The link is important because the chemicals, in high enough levels, could affect the pregnancy and the health of the fetus, said one of the study’s authors, Jonathan Chevrier, a researcher in epidemiology and in environmental health sciences at UC Berkeley.


‘Normal maternal thyroid hormone levels are essential for normal fetal growth and brain development, so our findings could have significant public health implications,’ Chevrier said in a news release. ‘These results suggest that a closer examination between PBDEs and these outcomes is needed.”

The study was released Monday in the journal Environmental Health Perspectives.

PBDEs are found in carpets, textiles, foam furnishings, electronics and plastics. U.S. fire safety standards implemented in the 1970s led to increased use of PBDEs, which can leach out into the environment and accumulate in human fat cells. PBDEs can be found in the blood of most American residents, and levels are especially high among California residents because of the state’s rigorous flammability laws. Concentrations of the chemicals in blood and breast milk have increased dramatically in the last three decades.

The researchers analyzed blood samples from 270 women taken around the end of their second trimester of pregnancy.
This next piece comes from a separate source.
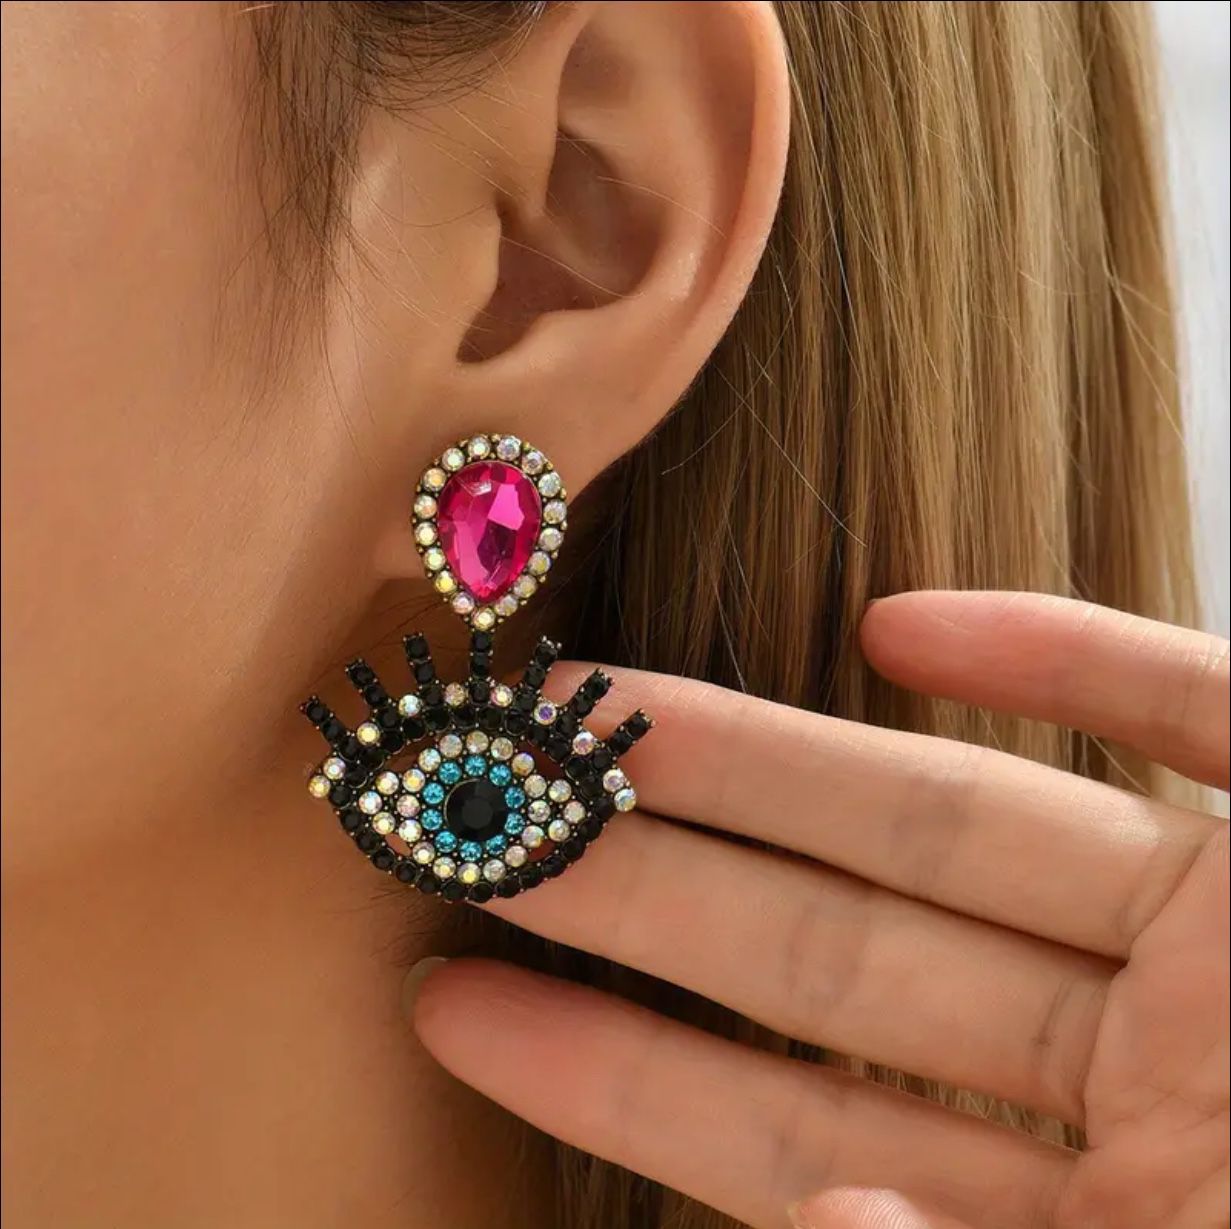 Eye Pattern Rhinestone Earrings in Pink

The researchers measured concentrations of 10 PBDE chemicals, two types of thyroxine (T4) and thyroid-stimulating hormone (TSH). TSH is a substance that drops when the thyroid gland is producing too much hormone. The study also controlled for such factors as maternal smoking, alcohol and drug use, and exposure to lead and pesticides.

The researchers found that a 10-fold increase in each of the PBDE chemicals was associated with decreases in TSH ranging from 10.9% to 18.7%. At these levels, the women met the definition of subclinical hyperthyroidism, which indicates an early stage of thyroid malfunction.
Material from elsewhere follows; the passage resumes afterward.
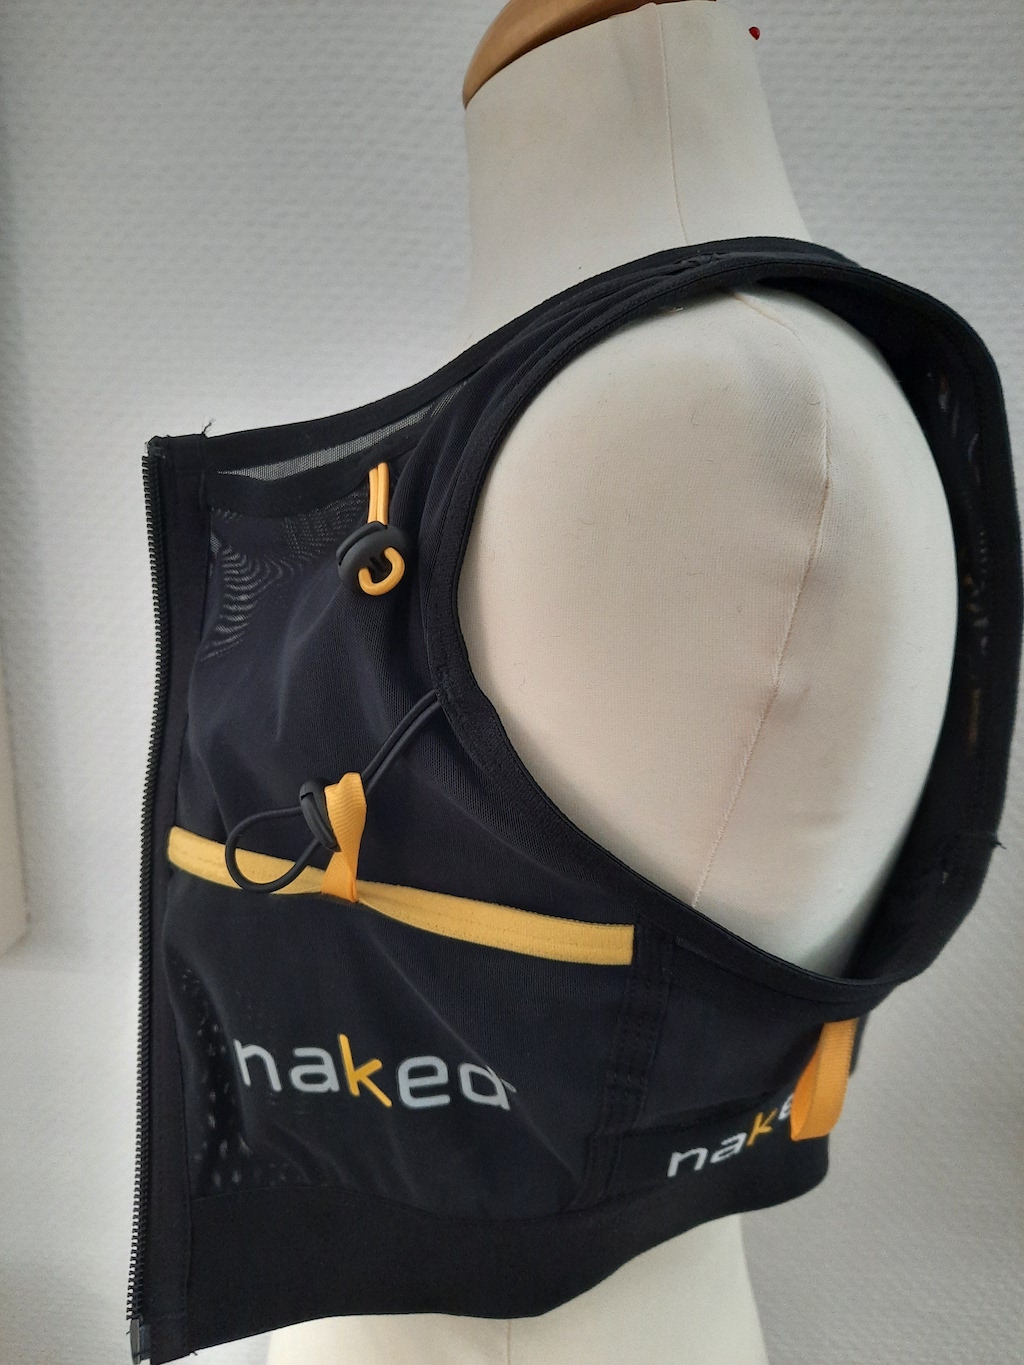 20210304_133834 - Naked Running Vest HC: Galerie - xc-run

‘Low TSH and normal T4 levels are an indication of subclinical hyperthyroidism, which is often the first step leading toward clinical hyperthyroidism,’ Chevrier said. ‘Though the health effect of subclinical hyperthyroidism during pregnancy is not well understood, maternal clinical hyperthyroidism is linked to altered fetal neurodevelopment, increased risk of miscarriage, premature birth and intrauterine growth retardation.’
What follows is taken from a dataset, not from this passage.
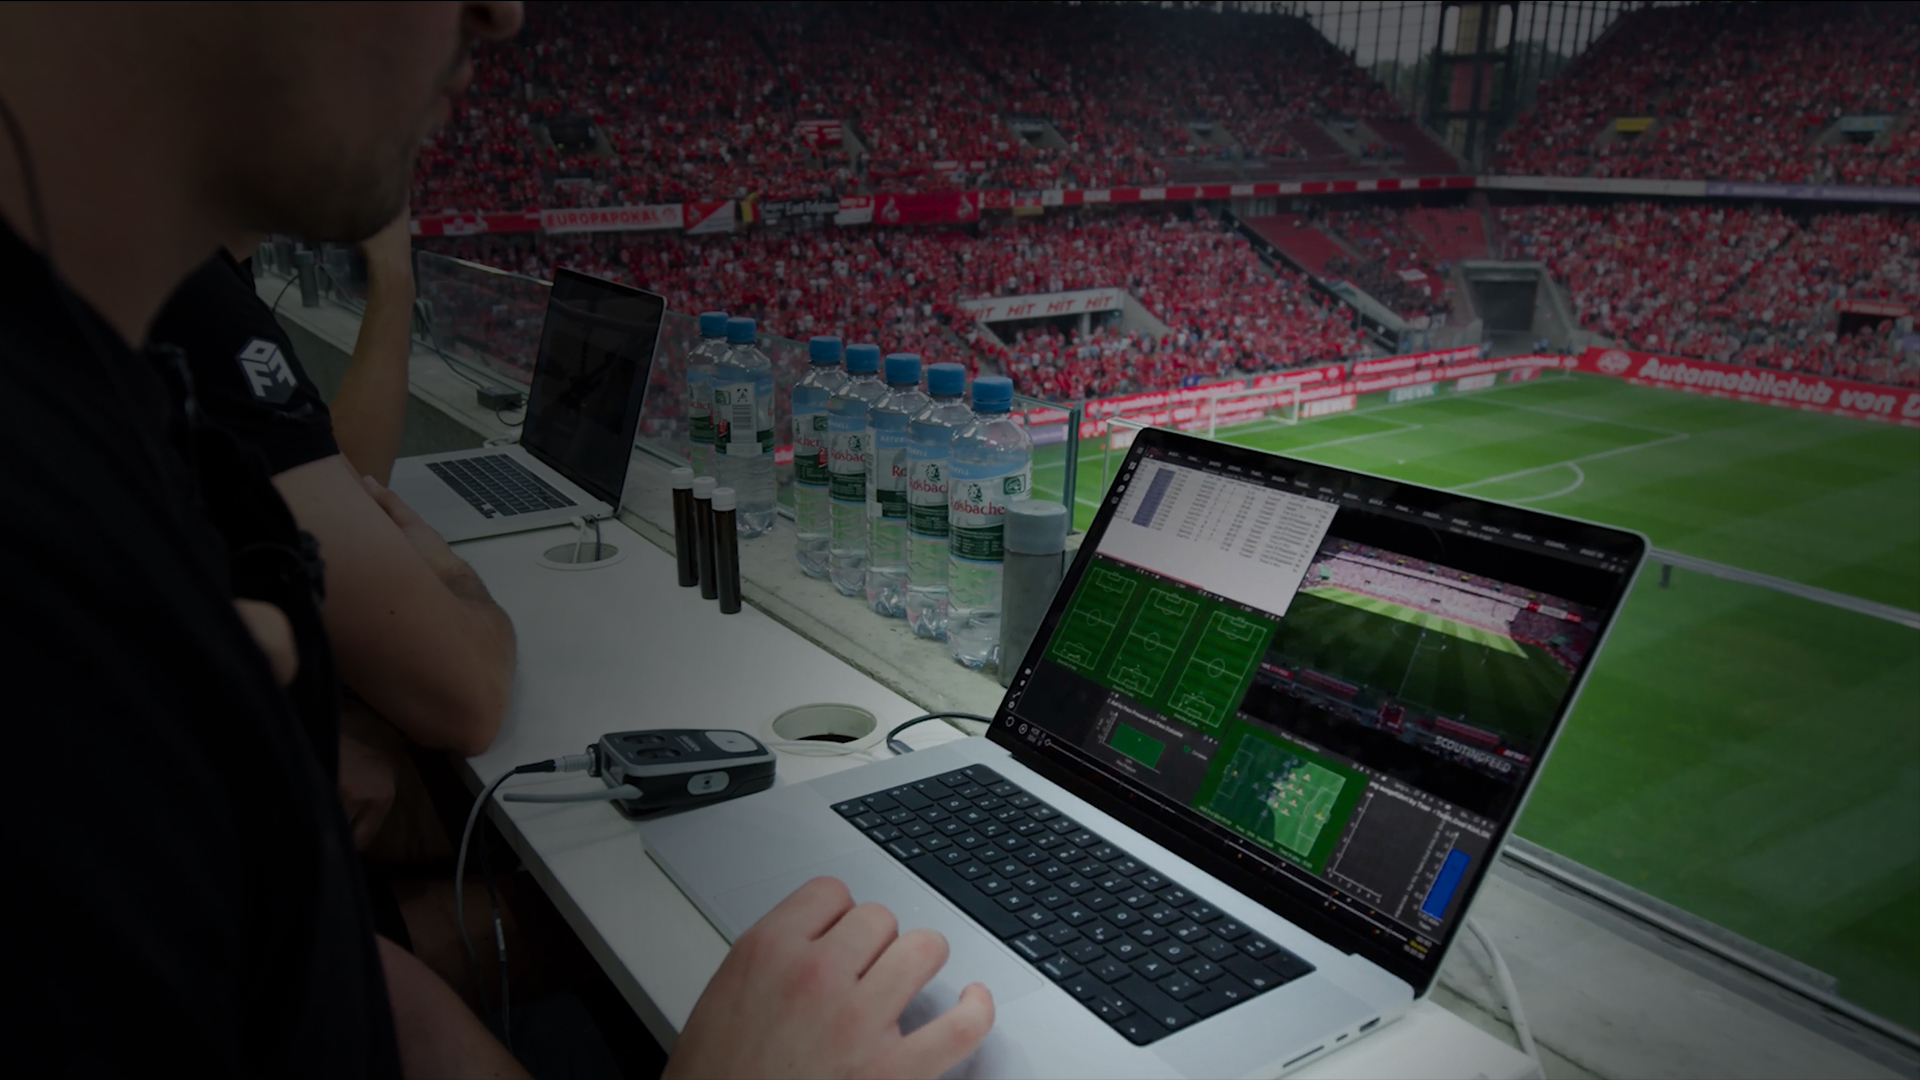 Комплексный обзор настройки системы Catapult для анализа в реальном времени во время футбольного матча с акцентом на интеграцию видео и данных в реальном времени.

It’s not known just how the chemicals interfere with thyroid function. PBDEs could bind to thyroid receptors and alter how the hormone is released.

A study released earlier this year from the same research group found that women with higher exposures to flame retardants took longer to get pregnant.

‘Our results suggest that exposure to PBDE flame retardants may have unanticipated human health risks,’ said Brenda Eskenazi, a professor of epidemiology and of maternal and child health at UC Berkeley.